Classification AUC values.
For measurement, we use accuracy (ACC) as the performance measurement in our experiments because accuracy is an effective metric to assess the algorithm performance for balanced datasets. For better comparing the algorithms we also use the area under the ROC curve (AUC) [22]. The ACC values are shown in Fig. 4 and the AUC values are shown in Fig. 5. The standard deviations for all datasets except for PTC are less than 3% for all the algorithms. For the PTC dataset, standard deviations are larger, between 6% to 8%. As can be seen in the figures, LGC, aLGC and gBoost outperform CORK, both in accuracy and in AUC, for all the tested datasets. This result shows the advantage of boosting-based approaches over the greedy feature selection approach based on submodular quality criterion adopted by CORK. aLGC and gBoost give almost similar results on four cancer datasets, however aLGC gives better results on AIDS, DD and PTC datasets. LGC outperforms both aLGC and gBoost in ACC and in AUC, although the differences are not very large except for DD and PTC datasets. The result is encouraging and shows the effectiveness of selected features of co-occurrence subgraphs of our methods.

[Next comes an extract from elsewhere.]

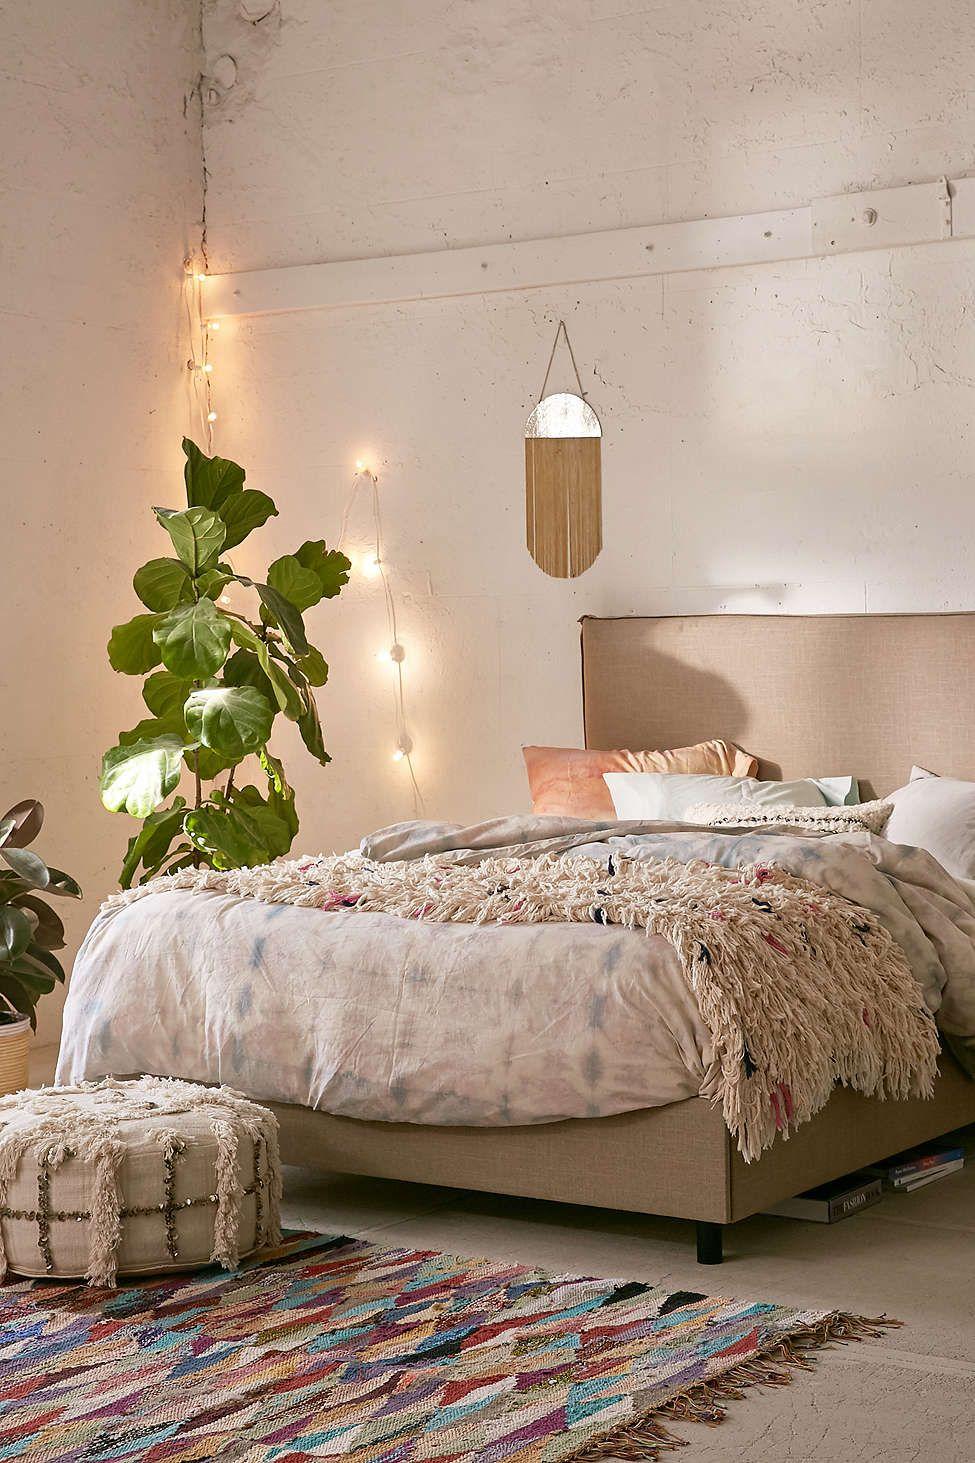 camille bed bedroom bedroom decor room decor tumblr. Black Bedroom Furniture Sets. Home Design Ideas

Next, we evaluate the runtime efficiency of the algorithms by comparing their training time. Table 2 shows the runtimes of LGC, aLGC and gBoost. We do not report the training times of CORK because the current release of CORK requires very long running time on tested datasets, especially on the Dobson and Doig (DD) dataset. As can be seen in the table, both LGC and aLGC are much faster than gBoost, an efficient global inductive method, on all four datasets. Since LGC, aLGC and gBoost all use the set of subgraph patterns generated by a mining algorithm for the learning purpose, their runtime behaviors are mainly determined by the used mining algorithm. As discussed previously gBoost takes longer time since it needs to call the mining algorithm multiple times with a low value of minsupp in order to obtain a good predictive rule set. LGC also calls the mining algorithm multiple times, however, the first call of the mining algorithm to build the iceberg lattice consumes most of the running time, other calls run on a very small dataset that is the graph set of the extent of optimal concepts with high value of minsupp (100% of the set size). aLGC is fastest because it calls the mining algorithm just once.
Varying minimum support thresholds – accuracy values.
Both LGC and aLGC are approximate algorithms and their performances depend on the size of the iceberg lattice, but to different extents. We test the performance of LGC and aLGC with difference values of minsupp to see how the prediction performance changes as minsupp increases. Figure 6 reports the test results on the NCI1 dataset. From the figure, we can see that accuracy values of aLGC algorithm decrease as minsupp increases from 5% to 13% in all datasets. Accuracy values of the LGC algorithm also decrease as minsupp increases but not as much as those of aLGC. However, we observe here that for both LGC and aLGC, accuracy decreases more at higher values of minsupp. This manifests the approximate nature of our proposed approach.
We have proposed in this paper a method for finding a set of classification rules for connected, node-and-edge-labeled, undirected graphs. Optimal rules are found based on the Confidence-rated Boosting method. The searching space is limited to the formal concept lattice constructed from the training graphs. The proposed approximation methods exploit the partial order among sets of subgraphs to accelerate the optimal rule finding process in each round of boosting. Experimental results show that the proposed methods achieve equal or better classification accuracy when compared to two state-of-the-art algorithms while saving considerable training time. For future work, we plan to utilize the minimal graph generators of the equivalent classes found in the lattice to construct rules which may results in rules of more generalization power.
Footnotes
Acknowledgments
This research is funded by Vietnam National Foundation for Science and Technology Development (NAFOSTED) under grant 102.05-2013.37.